# 31 married female seeking female fishing buddies



## kramsey (Jul 11, 2013)

Hello! This is probably a shot in the dark but I love to fish and I'm looking for like minded females to fish with! I mostly fish out of Port O'Connor but I am willing to try someplace new. I have access to a boat that I have been driving for years, I know the bays pretty well as I am from PO'C and have grown up on the back bays all of my life. I do like to shark fish with my husband but I have a deep love for trout and reds. My husband likes to fish North Padre Island, but I have yet to do so with him. I look forward to doing so in the near future. I will split fishing/fuel costs and lodging if necessary. If you are married and would like to do couple trips, that would be great too! I am up for overnight camping trips and have all of the gear. To be clear, I am a faithful wife and will not tolerate any less behavior from my friends. PM me if interested.
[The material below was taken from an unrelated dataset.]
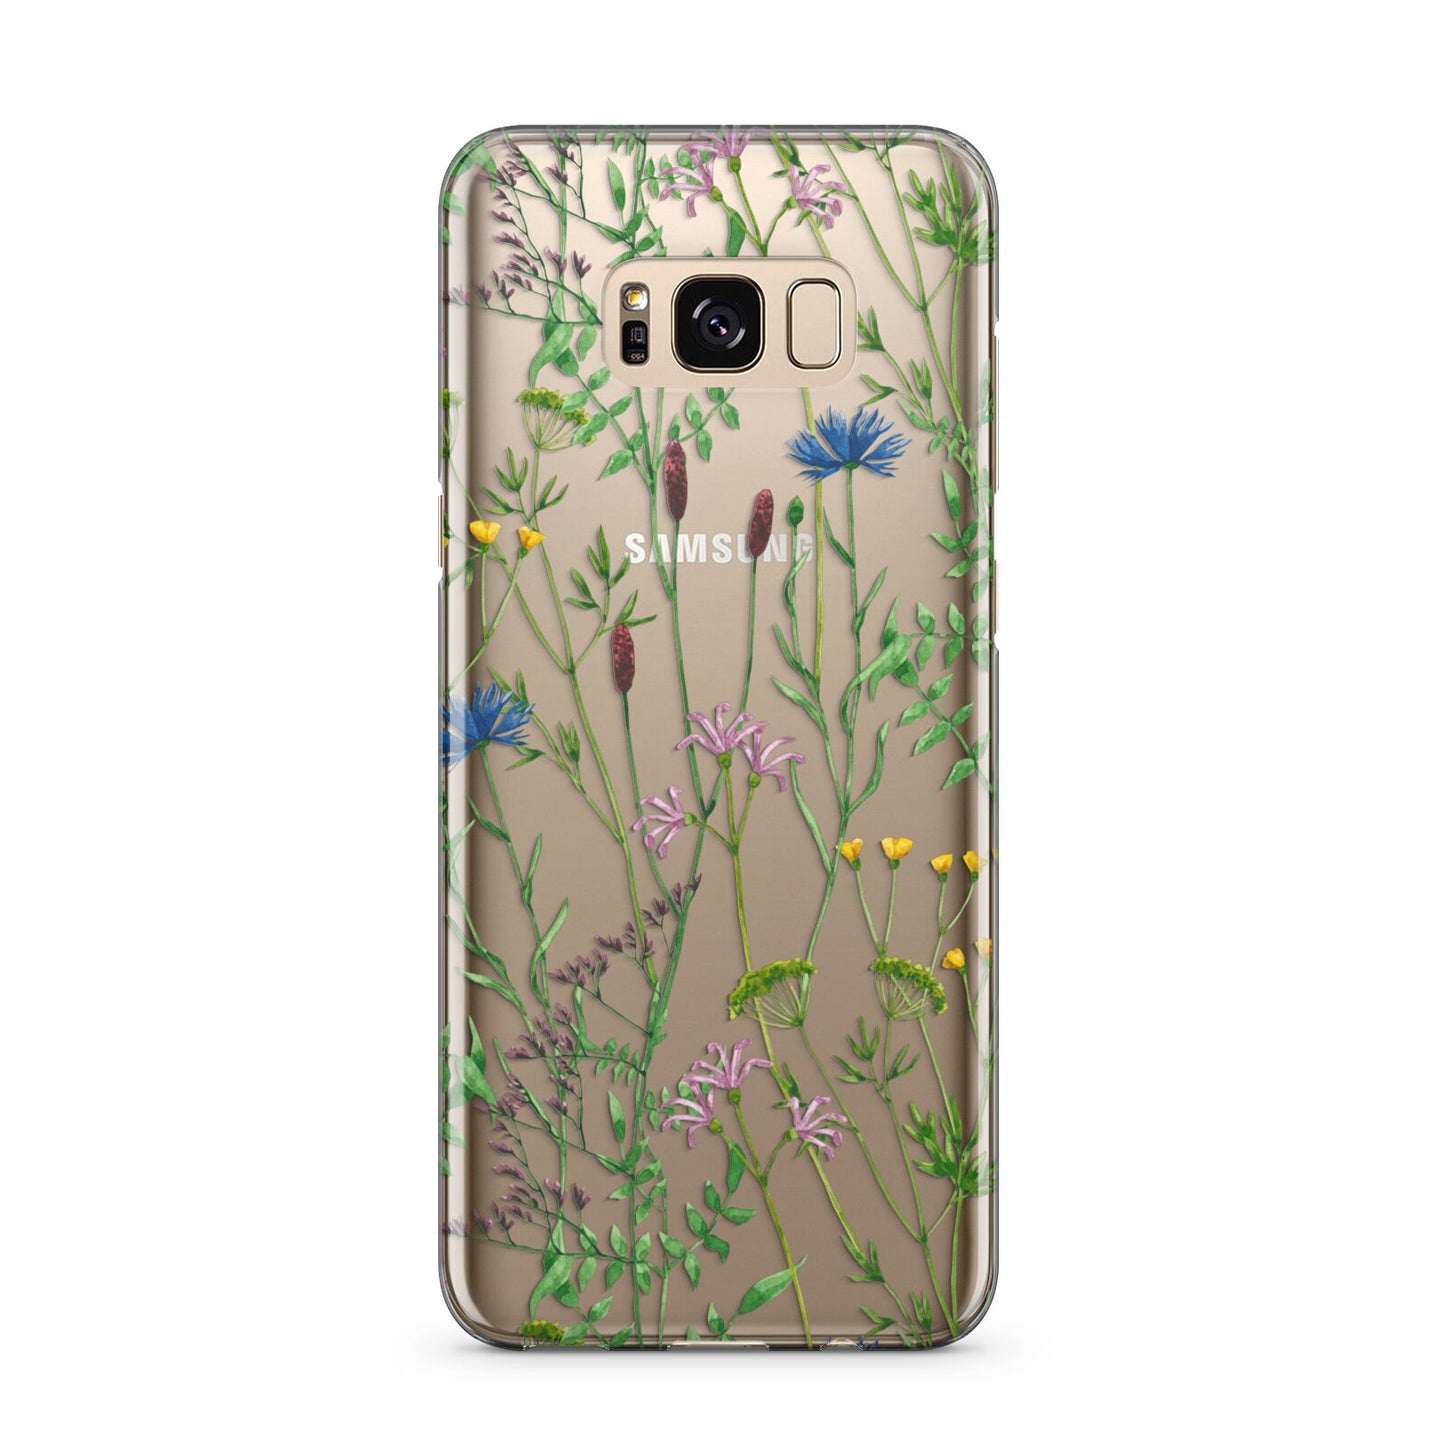 Wildflowers Samsung Galaxy S8 Plus Case

P.S. Will fish out of Kemah too! I have a place to stay there and in PO'C.


----------



## MrsCaptDocHoliday (Jan 18, 2013)

Hi there! I fish with my husband alot out of Matagorda! We're both 29 ( 30 in August and October) and we fish most weekends in the summer. We have a boat and would enjoy couples trips and fishing different spots. PM if you like! He's CaptDocHoliday on here.


----------



## Drapsag (May 7, 2013)

well titled.


----------